Once we know at a high level the purpose of the metaverse, we can foresee that its use and application will bring with it numerous changes, both social and legal, and among others, the continuous creation of data will be a challenge to be addressed.

Therefore, based on the premise that the metaverse will generate an enormous amount of data, we must ask ourselves whether the General Data Protection Regulation (GDPR) will cover such an extensive model derived from the generation of data in a technological environment such as the one in question.

On the other hand, we must emphasize that the digital world of the metaverse is based on an intelligent infrastructure composed, among others, of structural, dynamic, ghost and orphan data, which are processed through Artificial Intelligence systems and associated with specific and individual users. But what do we mean by this type of data?

First, structural data is the set of data that contributes to the basic functioning of the metaverse. Within this set of data, we could differentiate between functional structural data, which does not contain personal data, and conformal structural data, which is used to provide personalized experiences and offers to the user, and therefore draws on the user’s personal data.

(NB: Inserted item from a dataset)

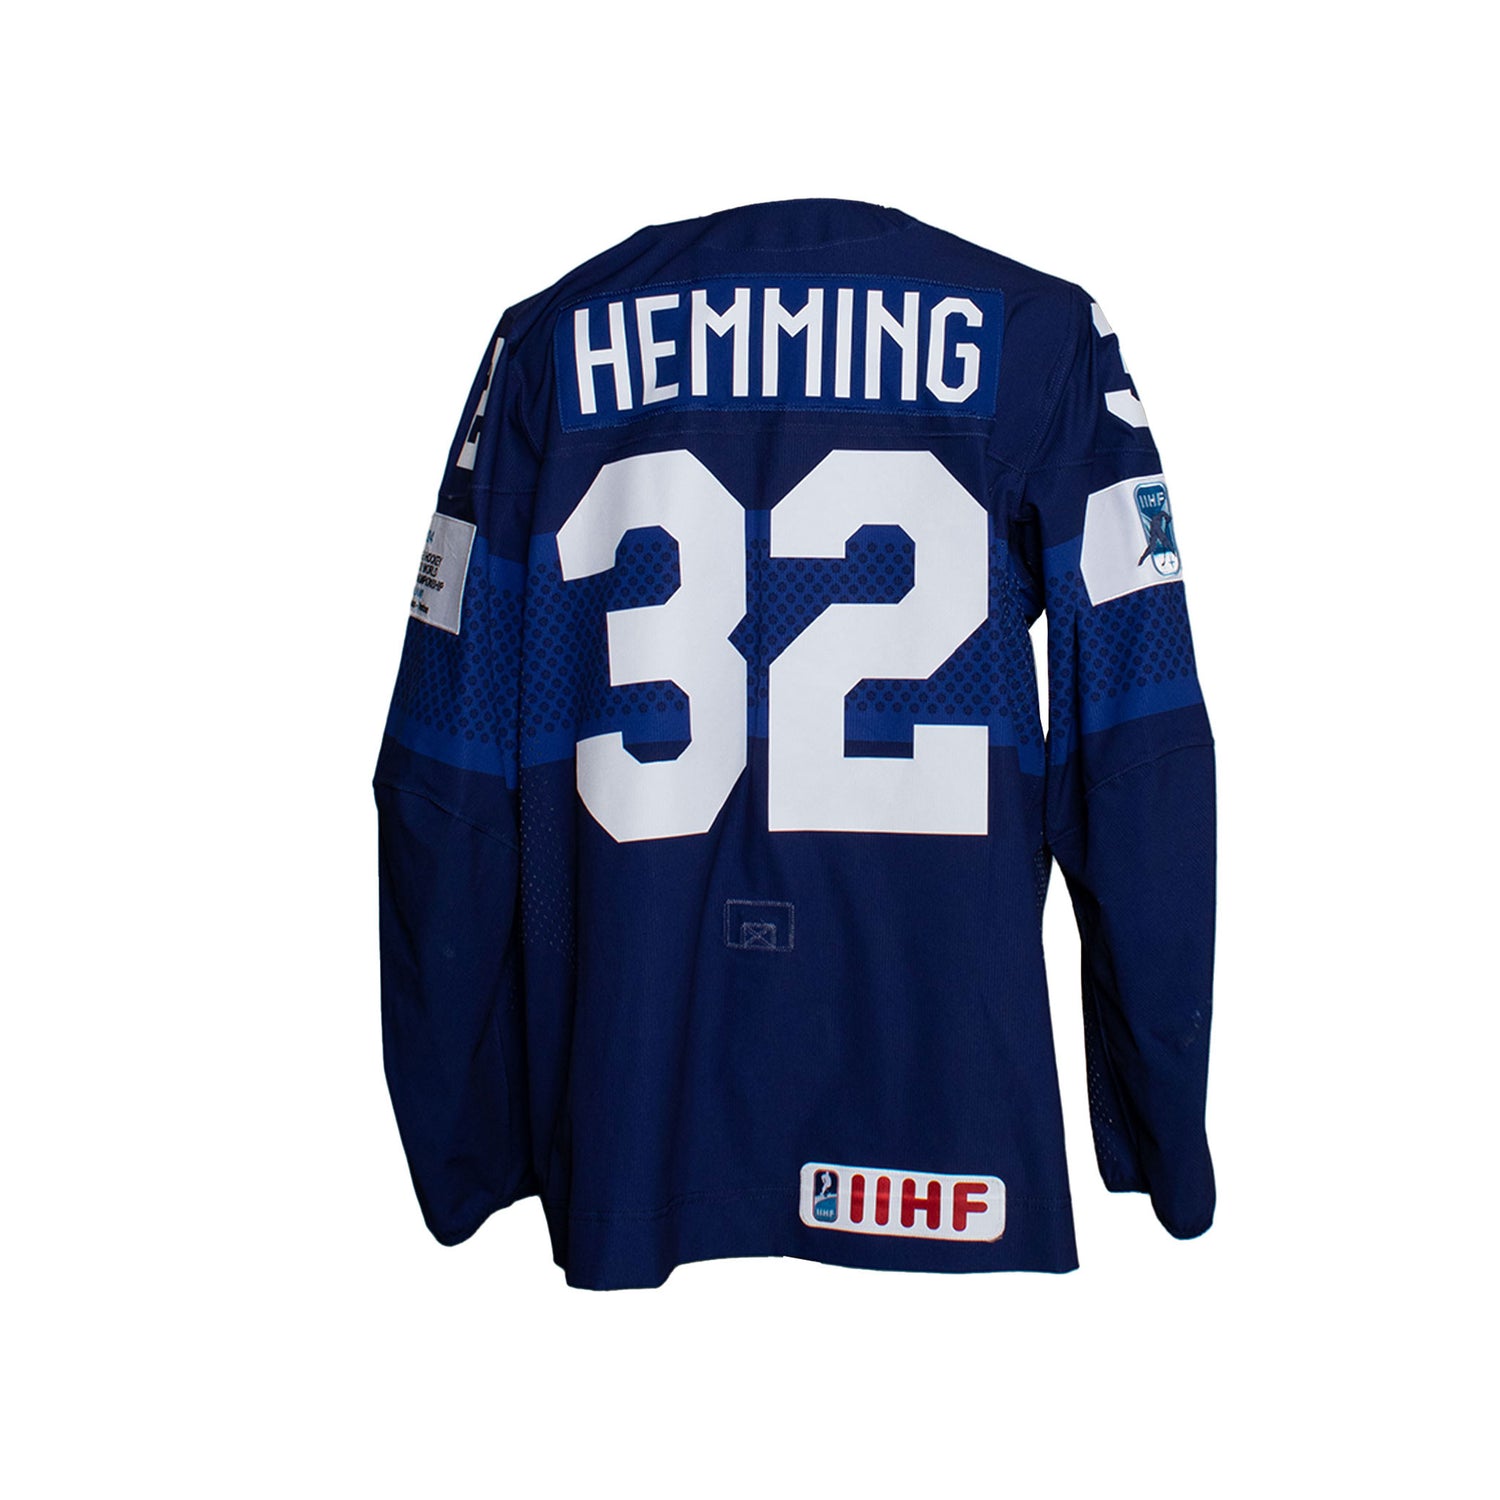 Emil Hemming #32 Game Worn, Home Jersey
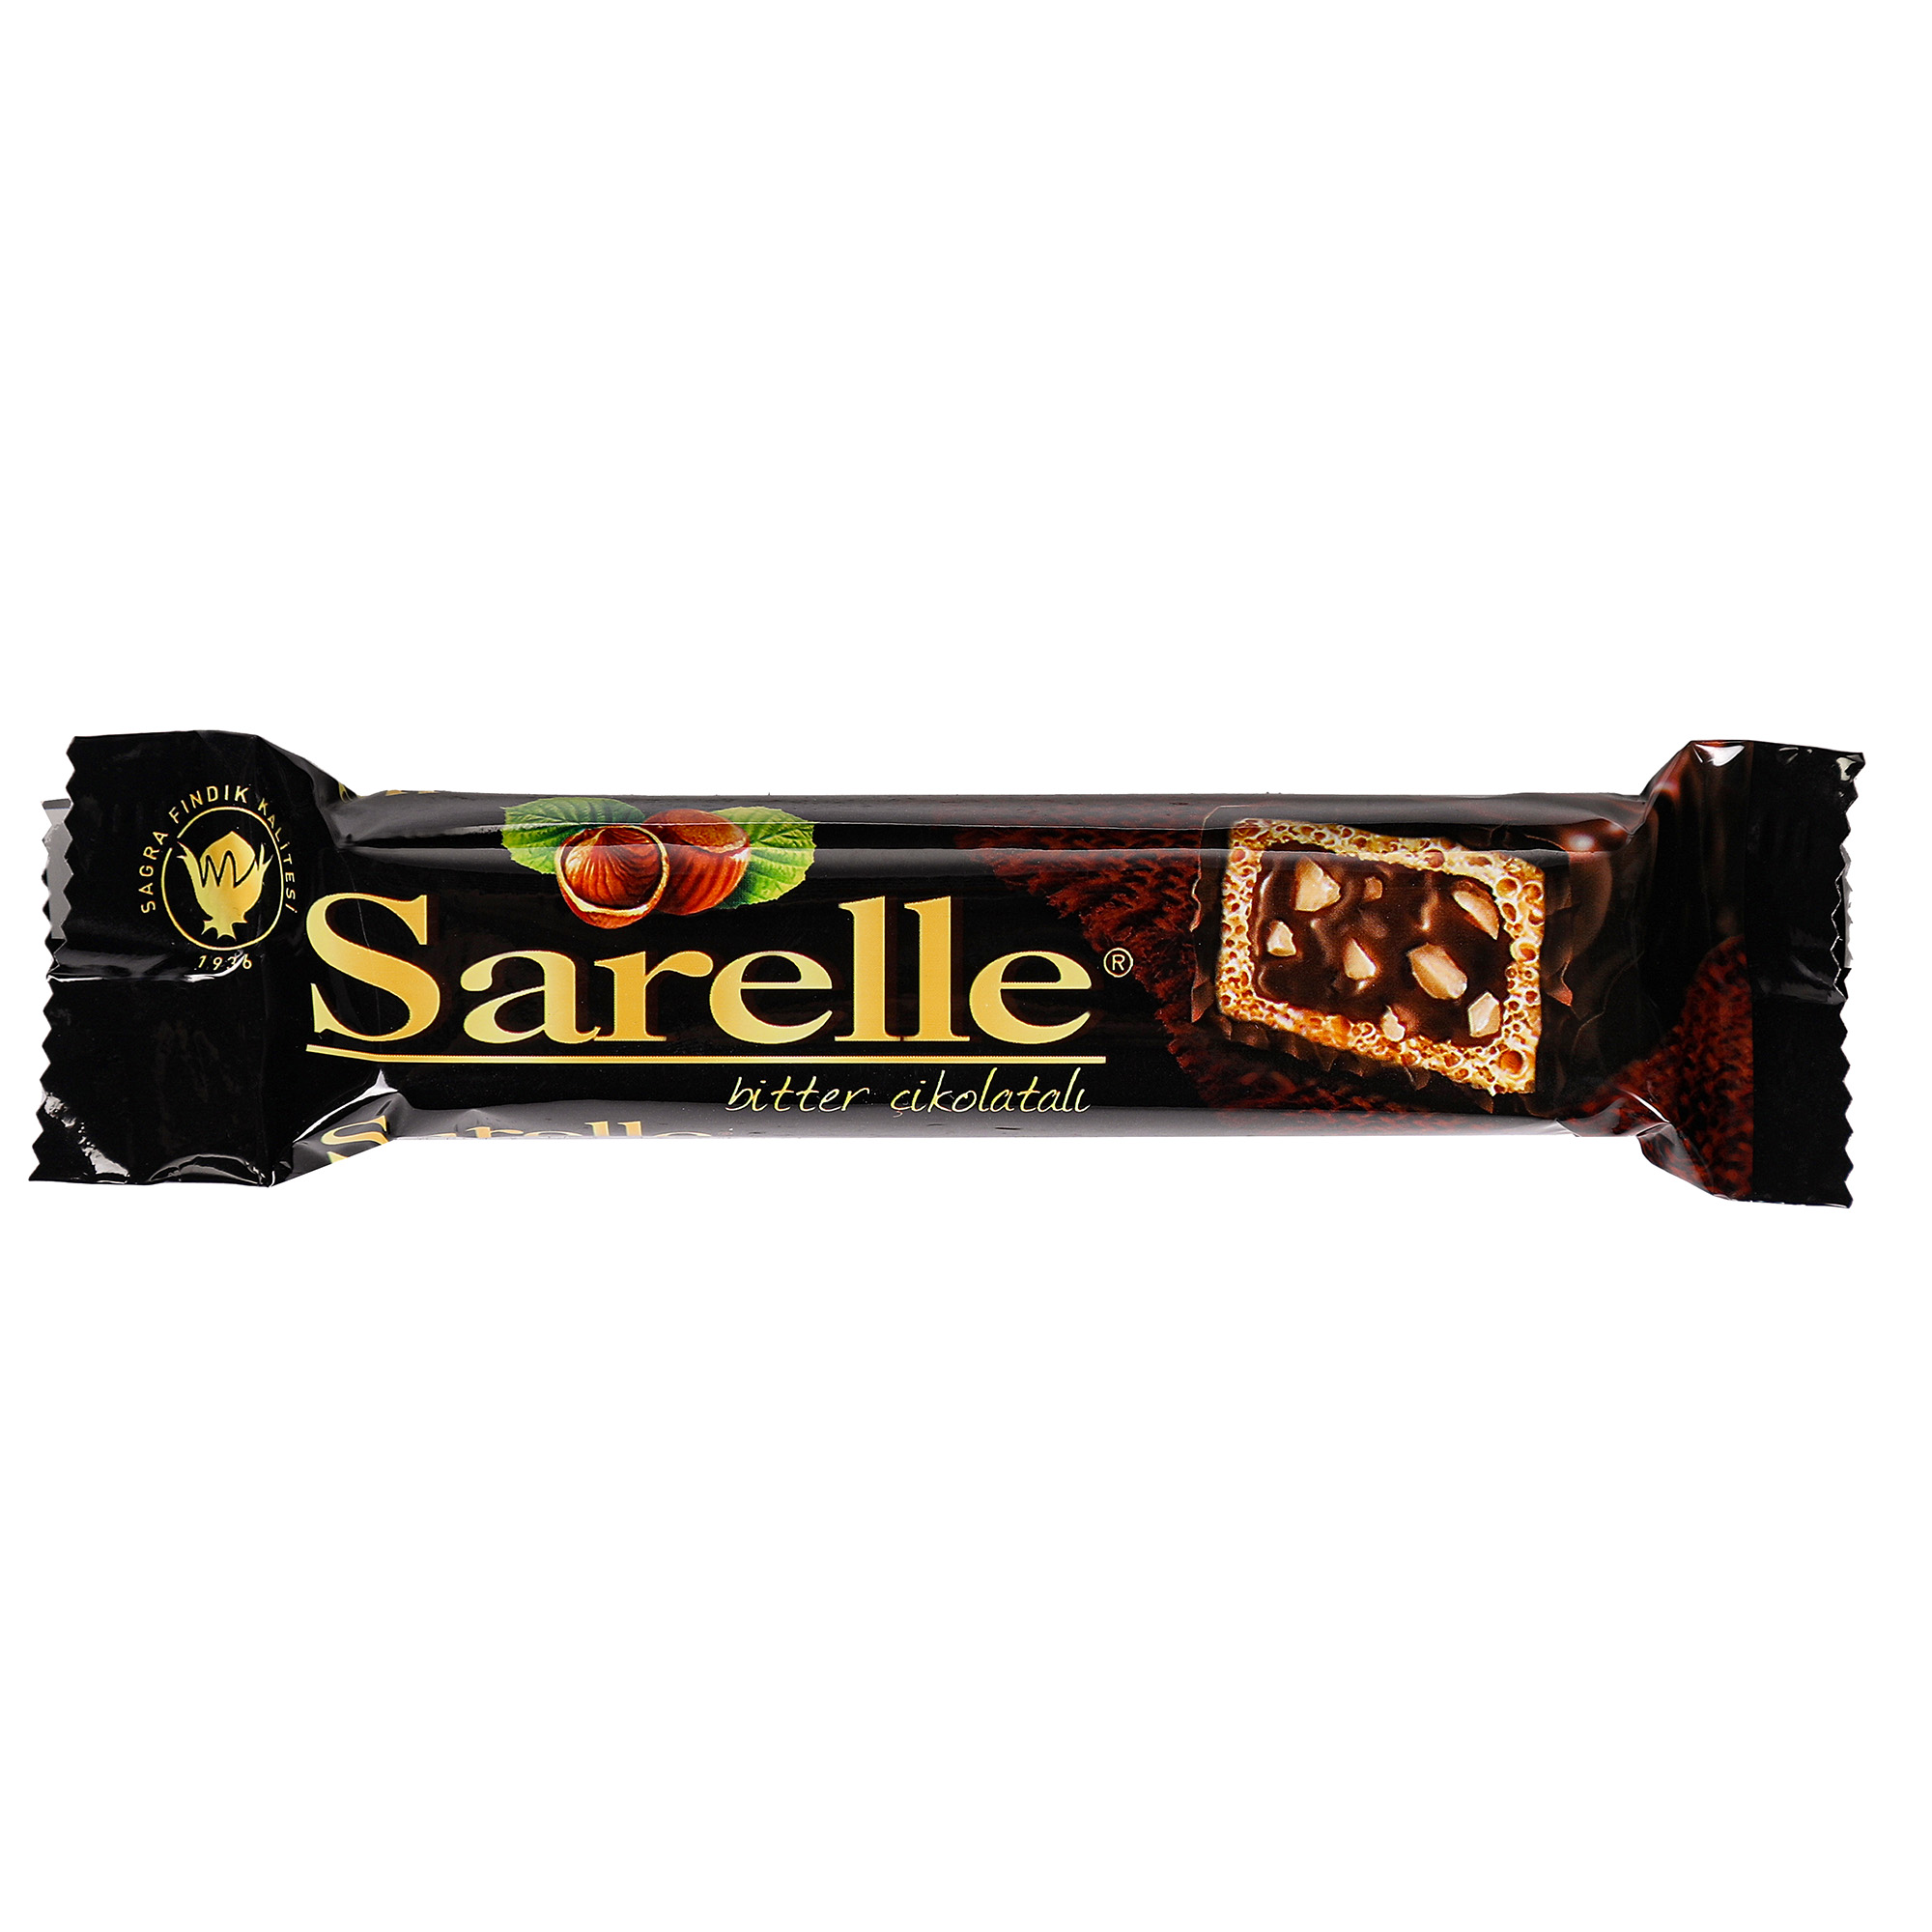 Вафли Sarelle с орехом и шоколадынм кремом в темном шоколаде, 33 г вафли toren mr bite с темно шоколадным кремом 38 г

However, the most privacy-relevant data are ghost data and orphan data.

Ghost data is a kind of what we know as metadata. That is, data, for example, associated with social media posts and linked to the content generated by the user himself.

While metadata is transparent to the user, ghost data is characterized, as its name suggests, by not being visible and by displaying information that is unique, exclusive and complementary to the information contained in the main file. On this type of data, the author of the content has no control or ability to exercise the rights currently held by those interested in personal data protection.

Last but not least, we highlight orphan data, which will become relevant in the light of the development of this new technological paradigm called metaverse. These data are those found in cache memory systems and subsystems and will make it possible to temporarily unify all segregated information and identify all the preferences of a user, which poses a potential risk to the privacy of the interested party.

In summary, we could highlight that the technologies needed to intrude into a metaverse will capture a multitude of data, for example particularly sensitive data such as biometric data, the processing of which is already included in the GDPR.

But not only will this type of data be processed, but users will generate a high volume of data that can be used for different purposes, in which case, how will consent for the processing of such data be managed? Especially when such data is necessary for the metaverse to function properly, as is the case with technical cookies. In other words, in these cases, consent would be undermined and users would face the risk, as would the companies involved in this world, of collecting data without the user having control over it, although this does not exempt them from ensuring compliance with personal data protection right from the design and by default.

Therefore, based on the above, it would not be superfluous to review the concept of data and differentiate or particularize the existing types of data, in order to be in line with the current situation and ensure respect for data privacy with a user-centered approach.